But as important as it is to celebrate the contribution manufacturing makes to a vibrant U.S. economy, the day should also recognize the significant trade barriers U.S. manufacturers continue to face in global markets—especially as a growing number of countries have resorted to embracing a particularly pernicious form of trade barrier known as localization barriers to trade (LBTs), as Information Technology and Innovation Foundation (ITIF) writes in Localization Barriers to Trade: Threat to the Global Innovation Economy.
Localization barriers to trade pressure foreign enterprises to localize economic activity in order to compete in a country’s marketplace. Essentially, LBTs force U.S. manufacturers to produce locally in order to serve certain countries’ markets in sectors ranging from life sciences, clean energy, and automobiles to information and communications technology (ICT) products. LBTs include policies such as local content requirements (which mandate that a certain percentage of goods sold in a country must be produced using local content); local production as a condition of market access; forced technology or intellectually property (IP) transfer as a condition of market access; and forced offsets.

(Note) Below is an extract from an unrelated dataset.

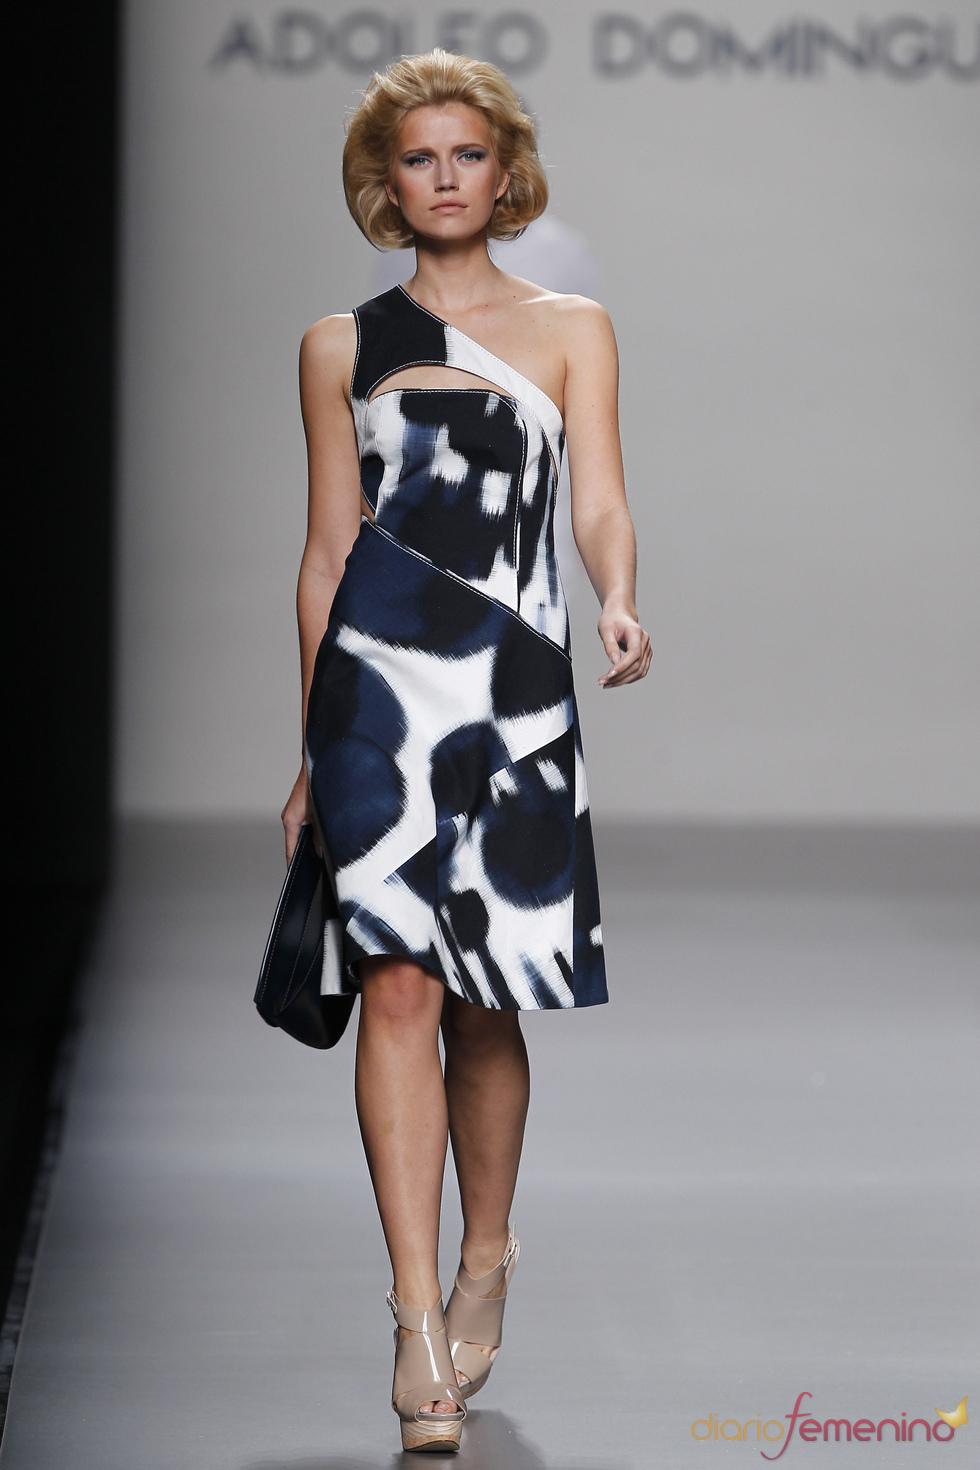 Desfile de adolfo dom nguez en la madrid fashion week for Adolfo dominguez oficinas madrid

For example, India’s Preferential Market Access Mandate would require that at least 25 percent of the ICT goods sold in Indian public procurement markets be produced from local content by 2014, with this requirement rising potentially to 100 percent for some ICT products by 2020. Argentina, Brazil, Indonesia, Malaysia, Russia, and Vietnam are among the many additional countries that have introduced local content requirements seeking to force manufacturing activity from the United States to their nations. These policies affect as much as $1 trillion in total global trade and reduce the amount of global trade by almost $100 billion annually. Meanwhile, China has mandated joint ventures and technology transfer as a condition for U.S. enterprises to compete in its high-speed rail, steel, auto, and wind energy markets. And many countries, including Argentina, Japan, Israel, India, and Turkey, mandate “forced offsets” stipulating local production as a condition of both public (e.g., defense) and private (e.g., civil aviation) procurements.

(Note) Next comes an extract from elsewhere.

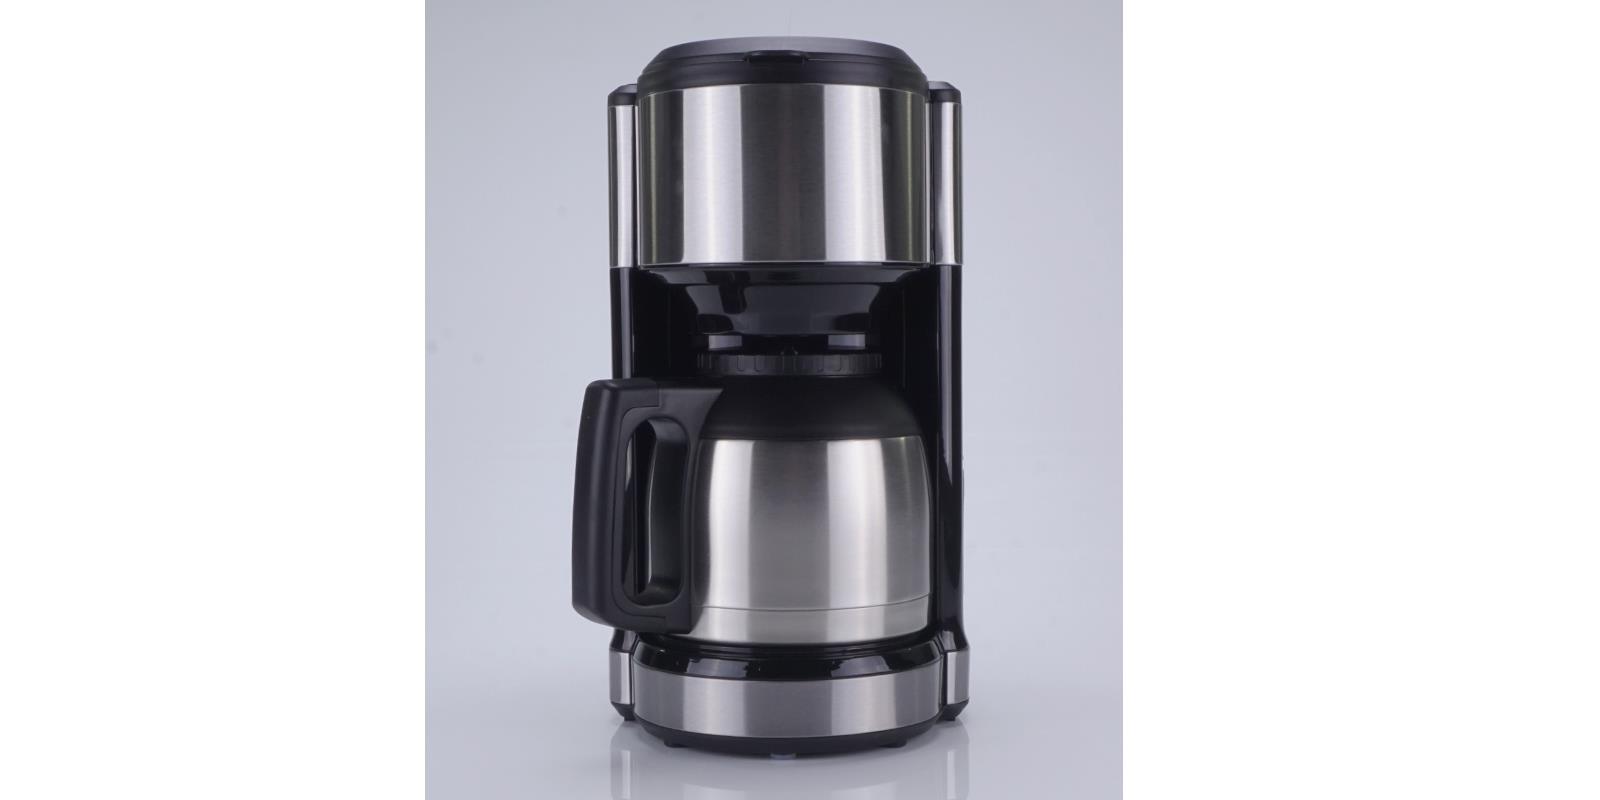 kaffeemaschine design eds mit thermoskanne timer skmd 1000 a1 schwarz kaffeeaut ebay. Black Bedroom Furniture Sets. Home Design Ideas

The effects of these practices inflict significant damage on the U.S. economy, particularly to the U.S. manufacturing sector. LBTs raise production costs for the manufacturers affected by them (for if it made economic sense to localize production in the destination country, companies would have already done so) and this leads to lower profits for these enterprises and less investment in their home nations. Moreover, by forcing businesses to manufacture abroad instead of in the United States, LBTs lead directly to facility closures, cutbacks, or diminished expansion for U.S. manufacturers, and this can and has stifled economic and employment growth in the United States. Finally, these practices further the movement of IP and technical capacity out of the United States, which only enhances the deterioration of the U.S. industrial commons and inhibits domestic innovation.

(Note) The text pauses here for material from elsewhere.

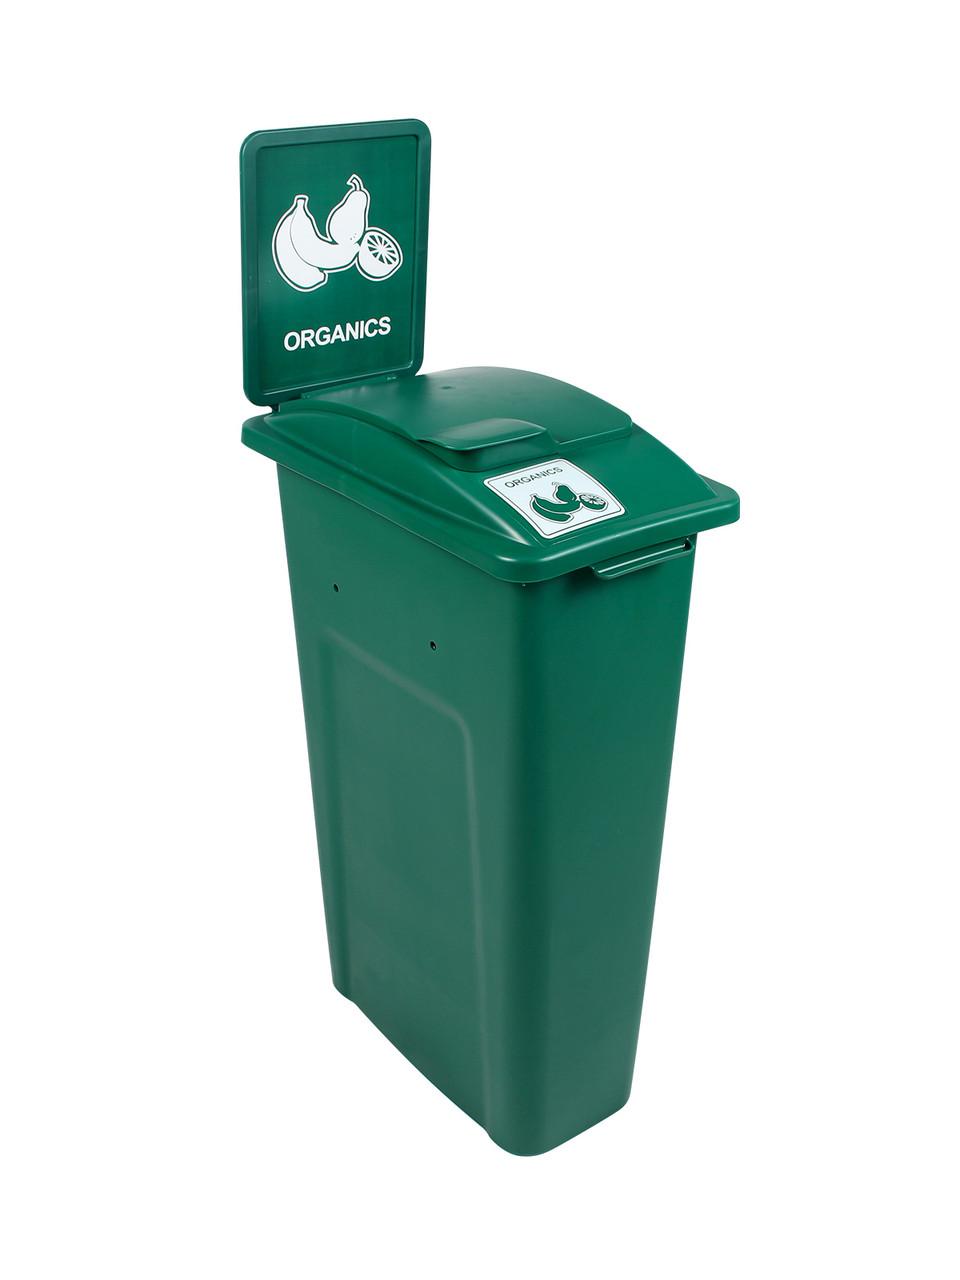 23 Gallon Skinny Simple Sort Compost Bin with Sign (Organics, Lift Top)

Unfortunately, countries’ have been introducing LBTs with general impunity, while the global trade community has lacked the proper tools—and will—to combat the practice. It is incumbent upon the United States to take a leading role in countering the global spread of LBTs and to make clear to trade partners that continued use of such policies will not be tolerated.
First, the United States should bring more trade disputes before the World Trade Organization regarding LBTs, while making it easier for U.S. manufacturers to file such cases. Second, the United States should begin to review countries’ rights to participate in trade-preference initiatives such as the Generalized System of Preferences (GSP). This program benefits developing nations by allowing thousands of products to enter the United States duty free, but it’s not a right and this privilege should be revoked for countries that persistently use LBTs. Finally, in negotiating trade agreements such as the Transpacific Partnership (TPP) and Transatlantic Trade and Investment Partnership (T-TIP), the United States must lead by example and push for the inclusion of strong and enforceable provisions against LBTs.
Localization barriers to trade represent one of the most insidious forms of protectionism in the modern global economy, and they are doing substantial damage to U.S. manufacturers and the broader U.S. economy. The U.S. must act or risk losing more manufacturing to our global competitors. The barriers American manufacturers face in global markets should not be forgotten on National Manufacturing Day.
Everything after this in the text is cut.